Implicit matching of three different protocols: TCP UDP ICMP
2.1 TCP Match
TCP match can only suppress the details of a TCP packet or stream. However, you must have-p TCP as a precondition.
(2.1.1) TCP--sport
A TCP packet-based source port matching package, which is not specified, represents all ports.
Iptable-a input-p TCP--sport 22:80//tcp Source port number 22 to 80 for all ports.
Iptable-a input-p TCP--sport://tcp All ports from the source port number 22 to 65535.
(2.1.2) TCP--dport
The packet is matched based on the destination port of the TCP packet. Same as the--sport port usage.
(2.1.3) TCP--flags
Matches the specified TCP token.
Iptable-p TCP--tcp-flags Syn,fin,ack SYN
2.2 UDP Match
(2.1.1) UDP--sport
UDP packet-based source port matching package, this entry is not specified to represent all ports.

(2.1.1) UDP--dport
Packets based on the destination port of the UDP packet are not specified, which means all ports.
2.3 ICMP match
ICMP--icmp-type
Based on the ICMP type package match. The designation of a type can use a decimal number or a related name, different types, with different ICMP numeric representations. You can also use the ". "Take the reverse."
Example: Iptable-a input-p icmp-imcp-type 8


3. Display Matching
The display match must be loaded with-M.
(1) Limit match
Must be explicitly indicated by-m limit. You can limit the number of matches to a specified rule. That is, when a rule matches to a certain number of times, it no longer matches. That is, limit the number of packages that can be matched. This will prevent Dos attacks.
Throttling method: Sets the maximum number of times a rule is matched. Set a limit value. When the limit value is reached, the match is stopped. However, there is a requirement that once the limit is exceeded, the number of matches will continue to be increased once every other time.

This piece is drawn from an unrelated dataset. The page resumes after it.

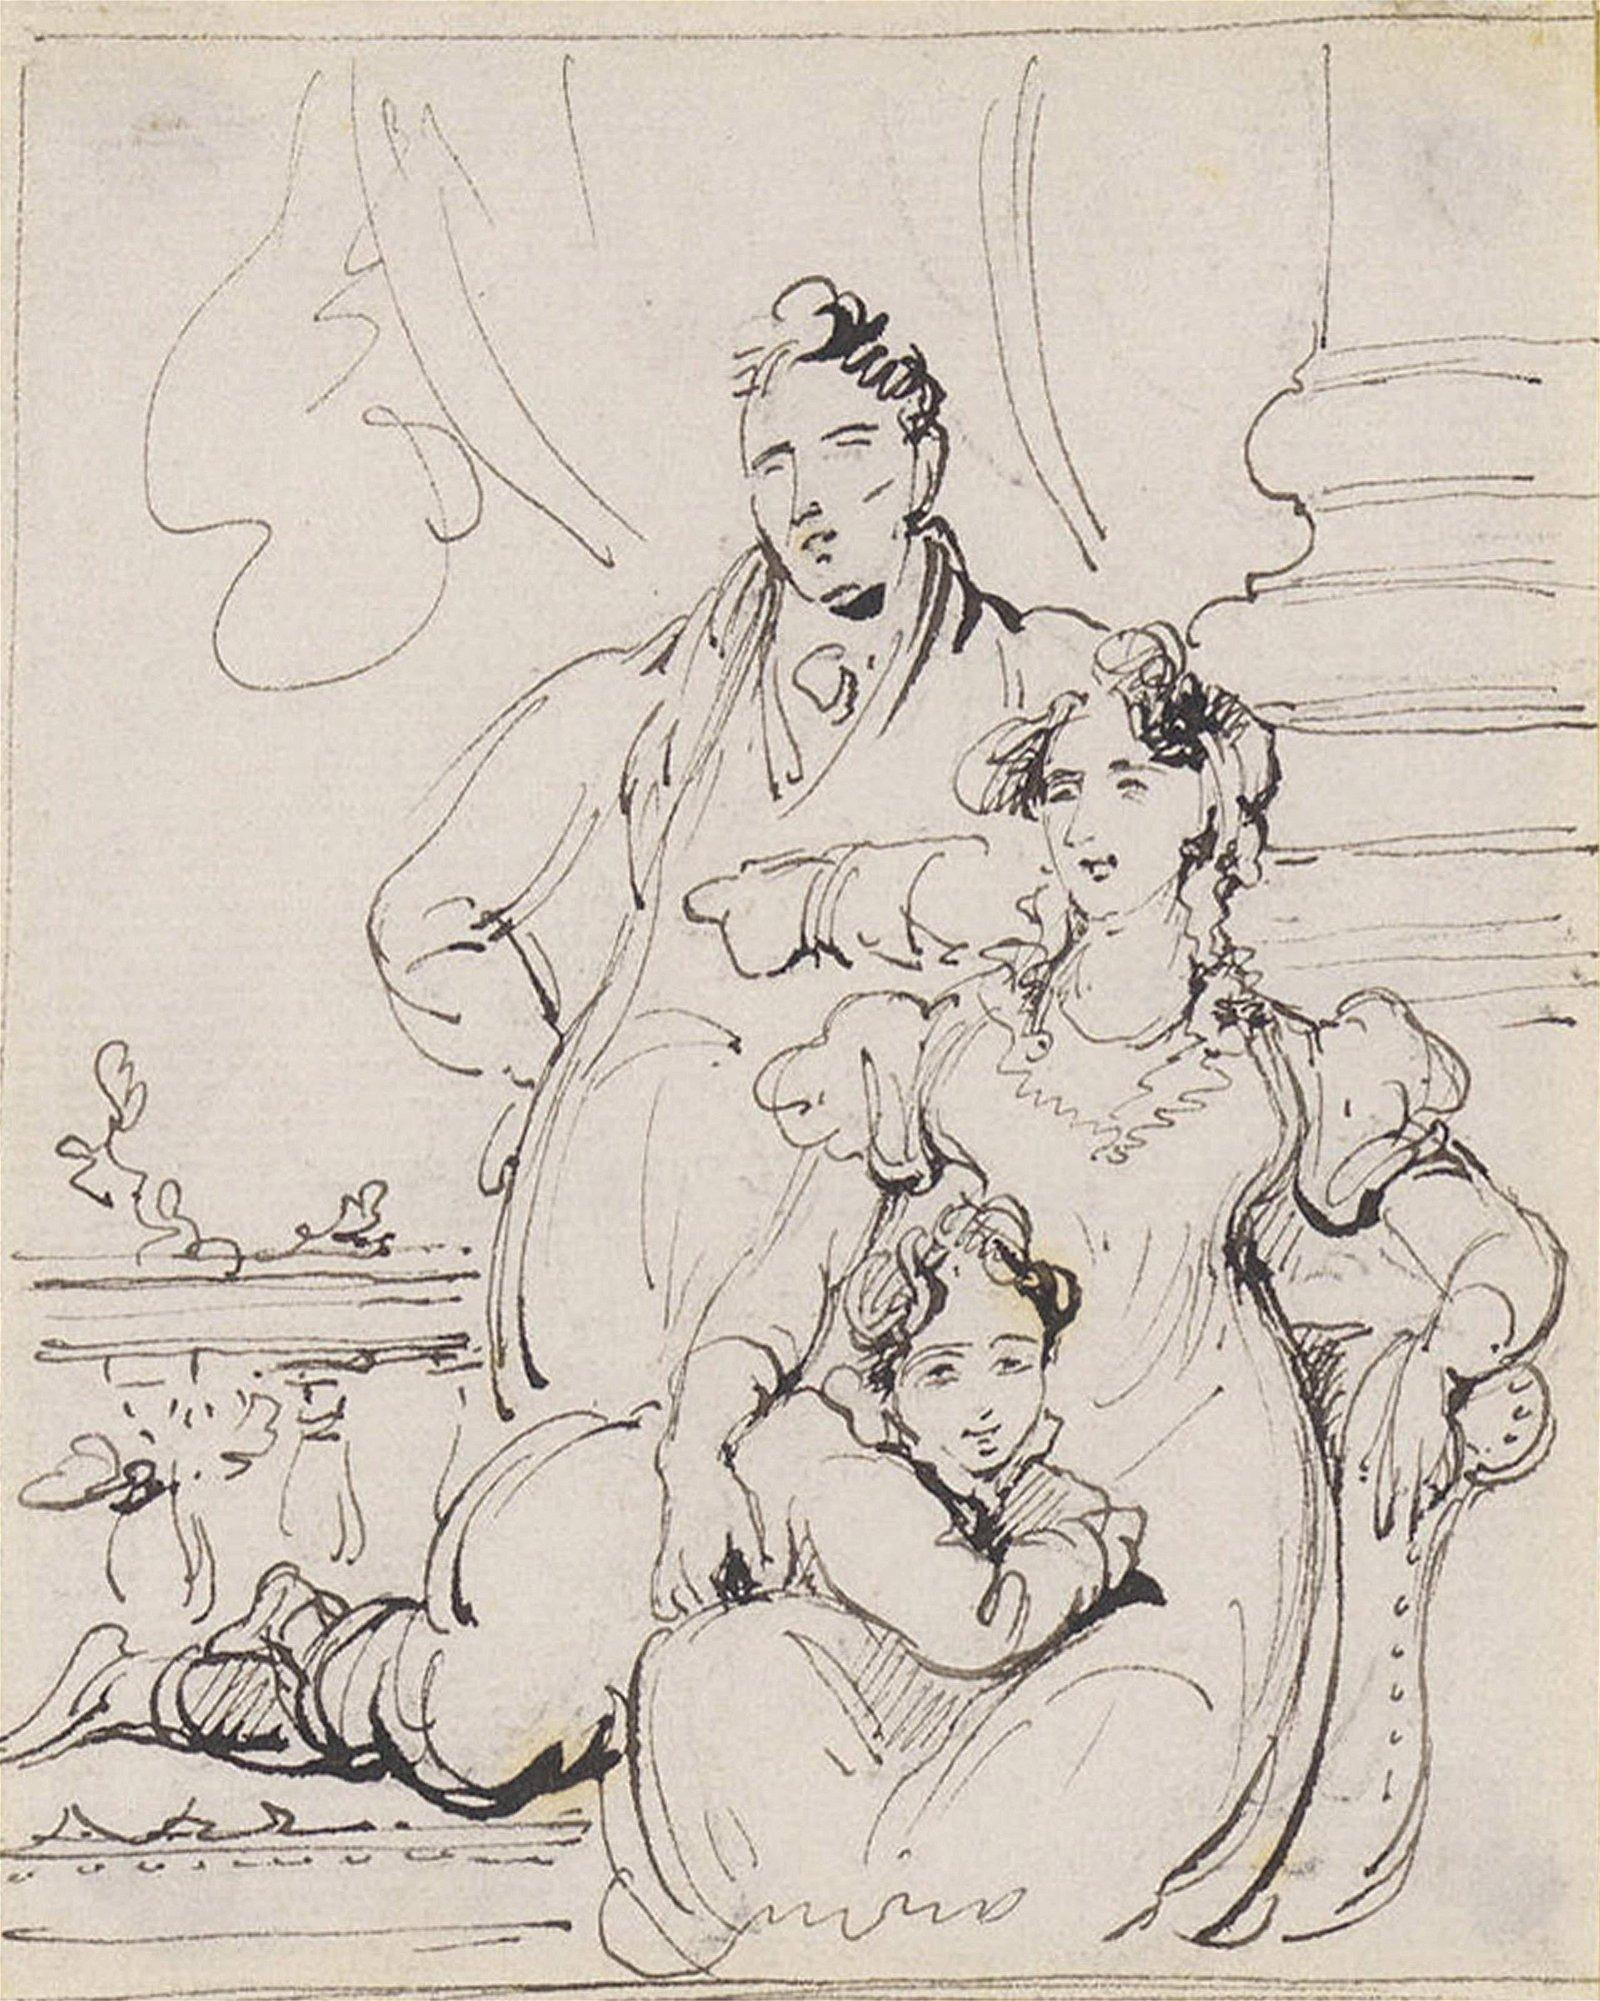 George Chinnery (London 1774-1852 Macau, China)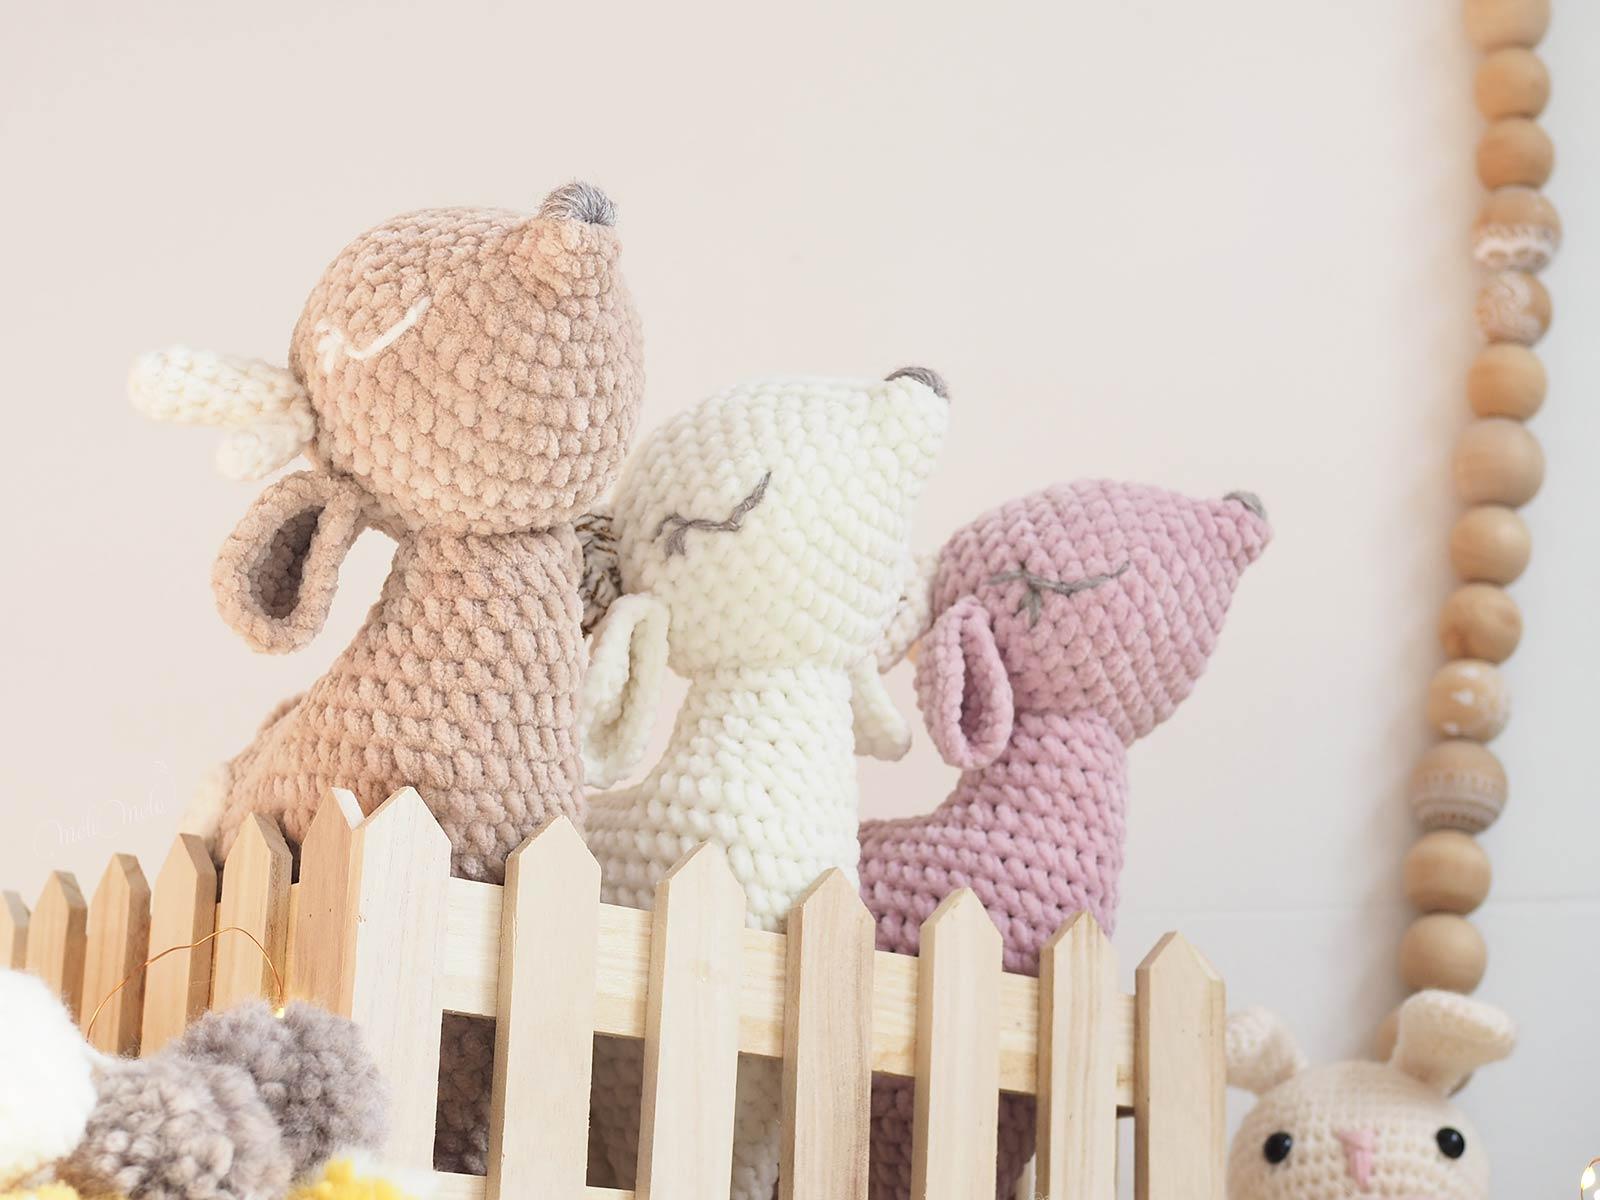 biches-bambi-doudou-amigurumi-crochet-laboutiquedemelimelo

However, the maximum number of idle matches increased does not exceed the maximum limit number.
--limit Rate
Maximum average match rate: assignable values are '/second ', '/minute ', '/hour ', or '/day ' units, which are 3/hour by default.
--limit-burst number
Maximum value of the initial number of packets to be matched: If the previously specified limit has not yet reached this value, the approximate number is 1. The default value is 5
Iptable-a input-m Limit--LIMT 3/hour//sets the maximum average match rate.   That is, the number of packets that can be matched within a unit of time. --LIMT is to specify how often to send a pass.
Iptable-a input-m Limit--limit-burst 5//set to start issuing 5 passes, and can only match up to 5 packets at a maximum.
(2) Mac match
Only the Mac source address can be matched. Package-based Mac source address matching Package
Iptable-a Input-m mac--mac-source 00:00:eb:1c:24//Source address matches some MAC address
(3) Mark match
Match the package with the mark that the packet is set to. This value is set by MARK TARGET.
(4) Multiport match
This module matches a set of source or destination ports and can specify a maximum of 15 ports. Can only be used with-p TCP or-p UDP attached.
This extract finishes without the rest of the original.